# 700x28c in a LeMond Versailles? Yes? No?



## spongebob (Mar 29, 2005)

Hi,
I'm thinking of going to a Hutch Top Speed 28c or a Vittoria Zaffiro Pro 28c, both Kevlar beaded in my 05 Versailles. It looks like it might work in the back, but the front might be tight. Is anyone using 28s in your Lemond? Are either Hutchinsons or Vittorias any smaller than the other, sort of like mtn bike tires?
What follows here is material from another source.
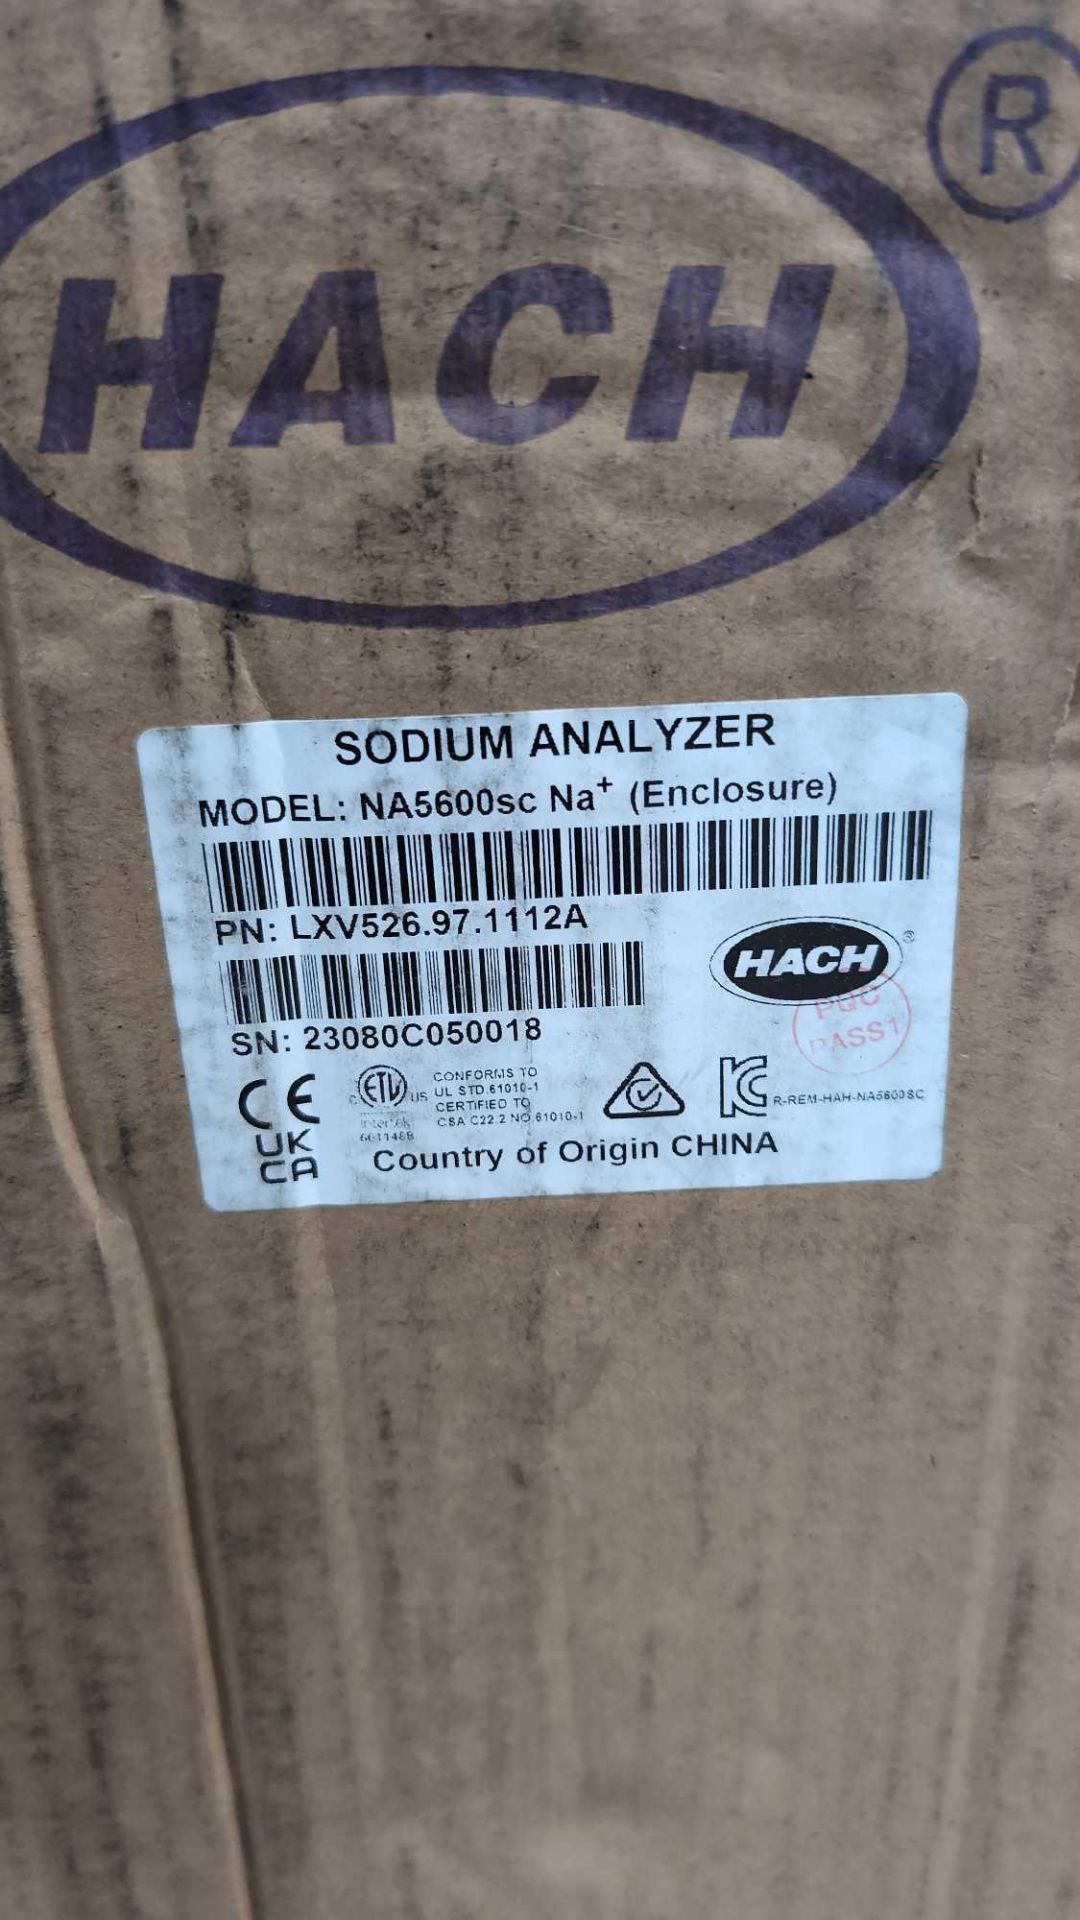 hach sodium analyzer NA5600 - Image 5 of 6

I'm a big guy and the urban roads around here are pitiful........thought that these could help smoothing out the road a lot over my 25c Vredenstein Fortezzas.....I don't race, I just like to ride and stay fit.

Thanks
SB


----------



## cml (Sep 15, 2005)

*I can tell you that ....*



spongebob said:


> Hi,
> I'm thinking of going to a Hutch Top Speed 28c or a Vittoria Zaffiro Pro 28c, both Kevlar beaded in my 05 Versailles. It looks like it might work in the back, but the front might be tight. Is anyone using 28s in your Lemond? Are either Hutchinsons or Vittorias any smaller than the other, sort of like mtn bike tires?
> 
> I'm a big guy and the urban roads around here are pitiful........thought that these could help smoothing out the road a lot over my 25c Vredenstein Fortezzas.....I don't race, I just like to ride and stay fit.
> ...


...my 25 front michelin pro race 2 has JUST enough room. I road this week a few days after some snow fall on a new build on an '05 Maillot Jaune frame and ended up wearing off some of the clear coat and paint on the underside of the front fork due to road sand buildup.  So for me, the 28's won't work. Unless you are riding on road yielding no road gunk, the 28's (depending on make/model) are likely to be too tight.

cml


----------